Benjamin Brewer’s Arcadian runs on the sort of day/night mechanic found in many survival video games. When the sun is up, it’s an intimate family drama featuring a trio of strong performances and a script that never says more than it has to. And when the sun goes down, it turns into a strikingly effective creature feature, starring some of the most inventively designed and viscerally realized monsters to scuttle across the screen in some time.
Arcadian takes place in a patch of idyllic countryside that lives up to the film’s title. Paul (Nicolas Cage) and his twin sons, Joseph (Jaeden Martell) and Thomas (Maxwell Jenkins), live in a farmhouse surrounded by rolling green hills. It’s an inviting, peaceful place, but as sundown approaches, Paul anxiously corrals his boys back into the farmhouse and the three of them reinforce every door and window with hefty wooden shutters. We can tell from the swift way they go about this process that they’ve done it a thousand times before. And we can tell from Paul’s strained expression that whatever they’re trying to keep out is very, very bad.
After a few years of transforming himself into vampires, cue-balled cowboys, and paunchy dream-invaders, Arcadian finds Cage operating in a much more realistic register. There are hints of his Pig character in Paul’s gruffy style of parenting, and he’s still a force to be reckoned with as an action hero. When he steps in to deal with a threat or solve a problem, he seems invincible. The fact that he’s far and away the most famous person in Arcadian also works to the film’s credit, lending Paul a sort of mythic quality that’s felt all the more keenly in his absence.
Arcadian teases out the reveal of its creatures at just the right pace, building tension without stringing us along too far. First, we only see the signs they’ve left behind, like the deep scratches gouged into the farmhouse’s front door. Then we start to catch flashes of them—a gray, spindly hand here, a snapping jaw there. And, then, one of them finally comes creeping into a well-lit room, at which point you may wish that it would go back into the darkness.

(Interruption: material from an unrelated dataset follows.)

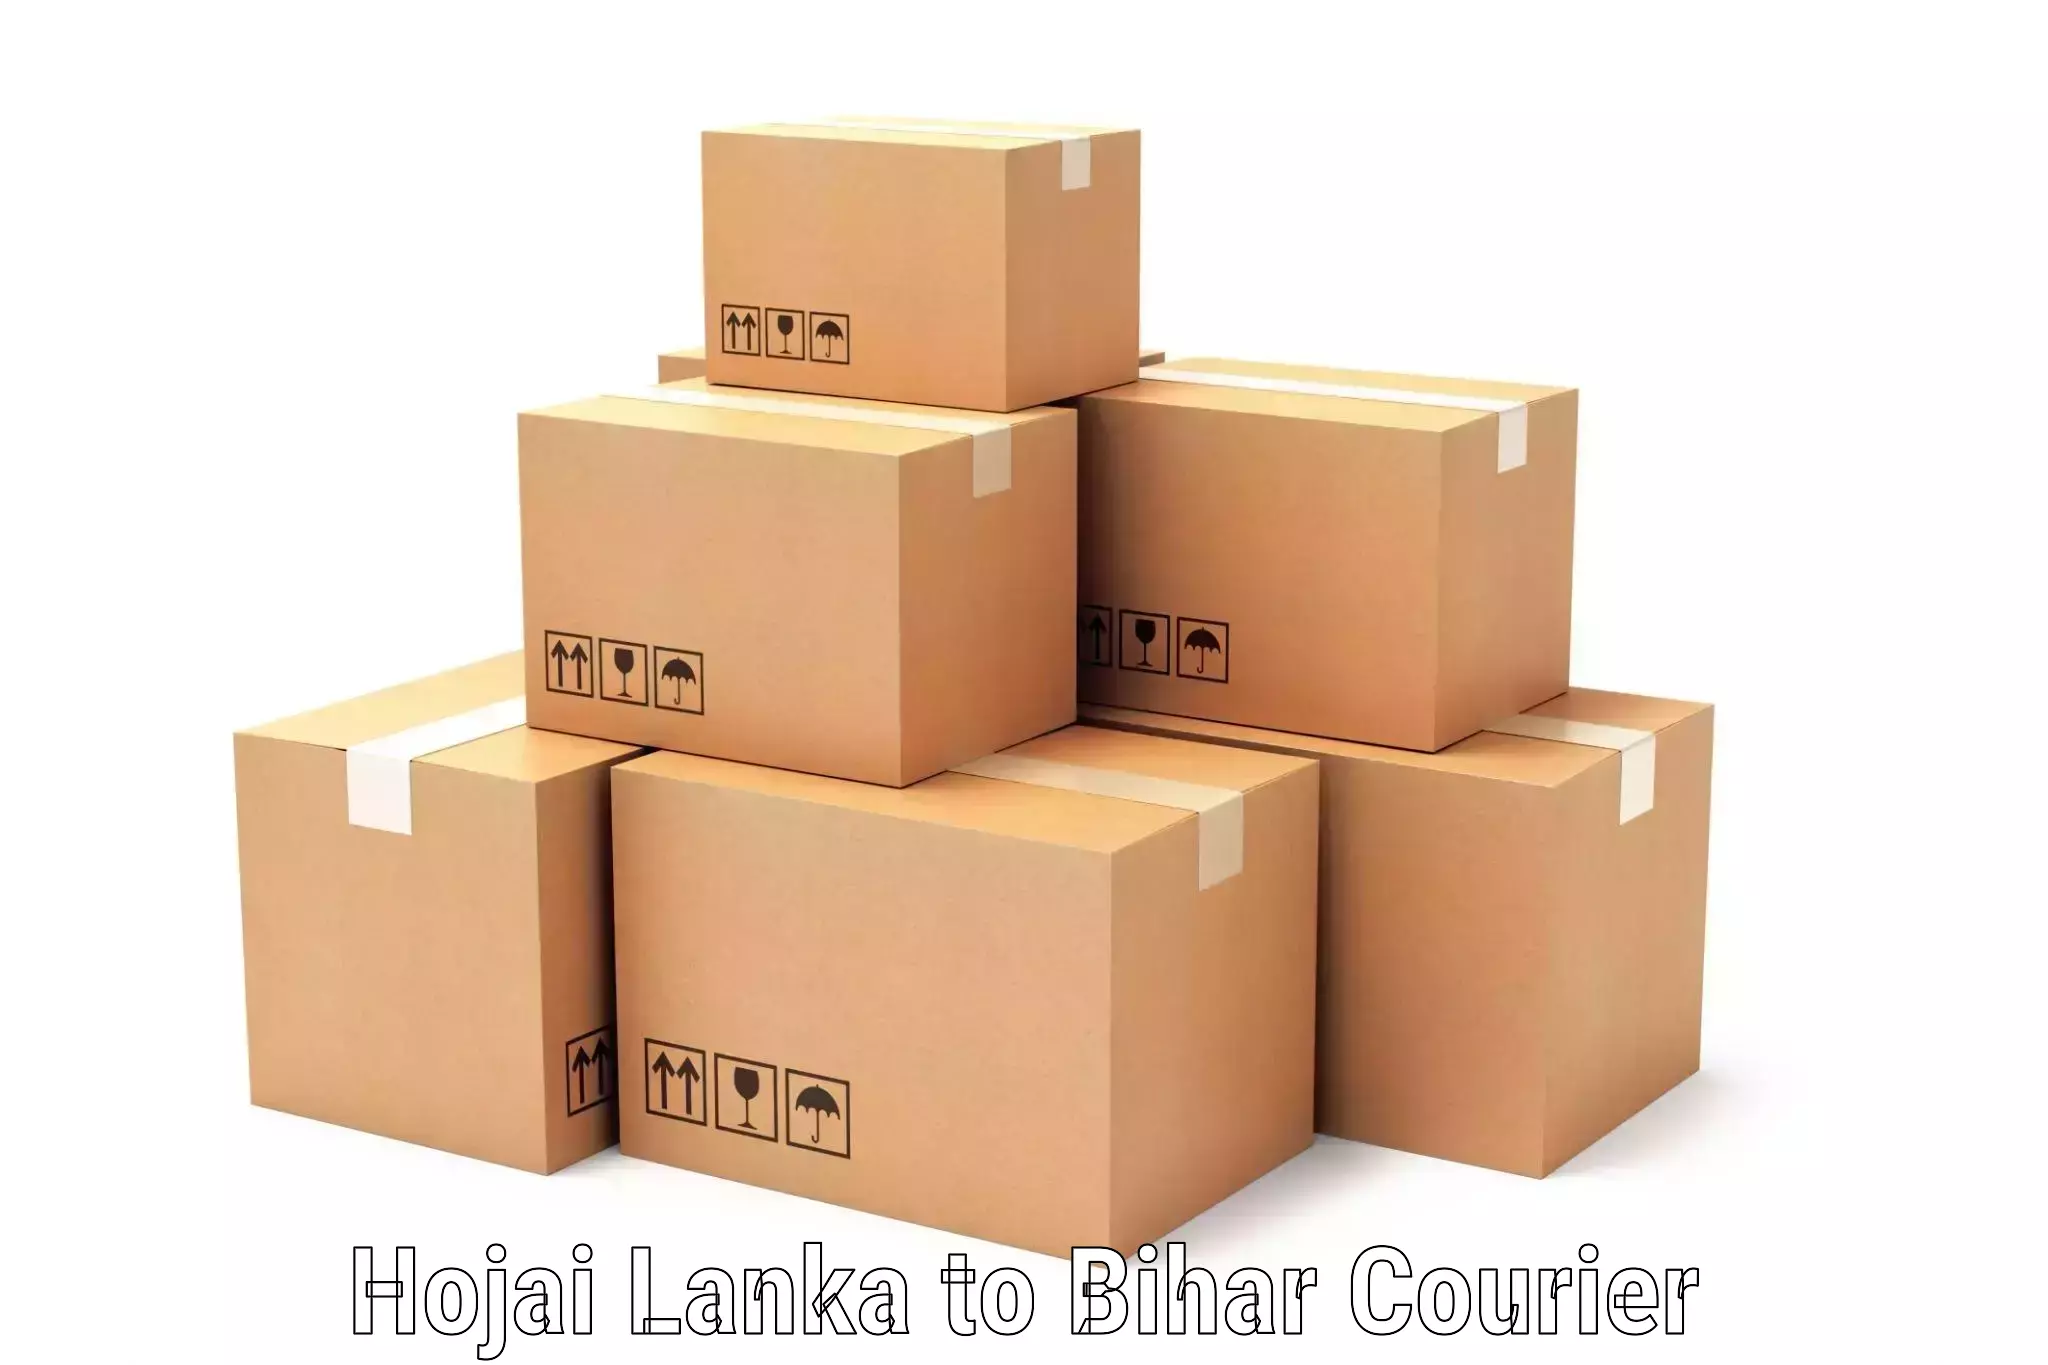 Multi-service courier options Hojai Lanka to Rajgir

“We must always stay vigilant,” Paul warns his sons at one point. Their security procedures have protected them since the boys were babies, but he knows that a single slip-up will leave them all dead. But teenage boys are, in some ways, much harder to protect than infants. Joseph is the more introverted of the two, a scientifically minded kid who’s determined to devise some way to overcome the monsters and doesn’t mind taking a few risks in the name of research. Thomas’s interests lie further afield—at a neighboring farm, to be specific, where a red-headed beauty, Charlotte (Sadie Soverall), has caught his eye. Joseph and Thomas know that they should never stay out past sunset, but that knowing happens inside an adolescent brain that can’t quite be trusted to accurately weigh risks against the prospect of a passion project or a pretty girl.
Perhaps expectedly, disaster strikes, with Joseph and Thomas left to fend for themselves after their father is gravely wounded. It’s a straightforward, streamlined plot, and Arcadian never feels the need to overburden itself with excessive backstory. We don’t know much of who Paul was before the world fell apart or exactly how humanity came to be hunted by these nightmarish beings. We don’t know how many survivors there are, or what the world looks like beyond this small, pastoral portion of it. And we don’t need to know any of that either.
From here, Arcadian rockets toward an action-packed finale filled with inventive touches, including more meaty effects work. Even as the shotgun shells start flying, it makes time for the quiet dramatic moments that carry its family drama forward amid the carnage. All told, it’s an extremely well-crafted survival tale. And while it might seem like a film that doesn’t reinvent the wheel, the bombastic sequence that closes out its climactic battle actually does that too.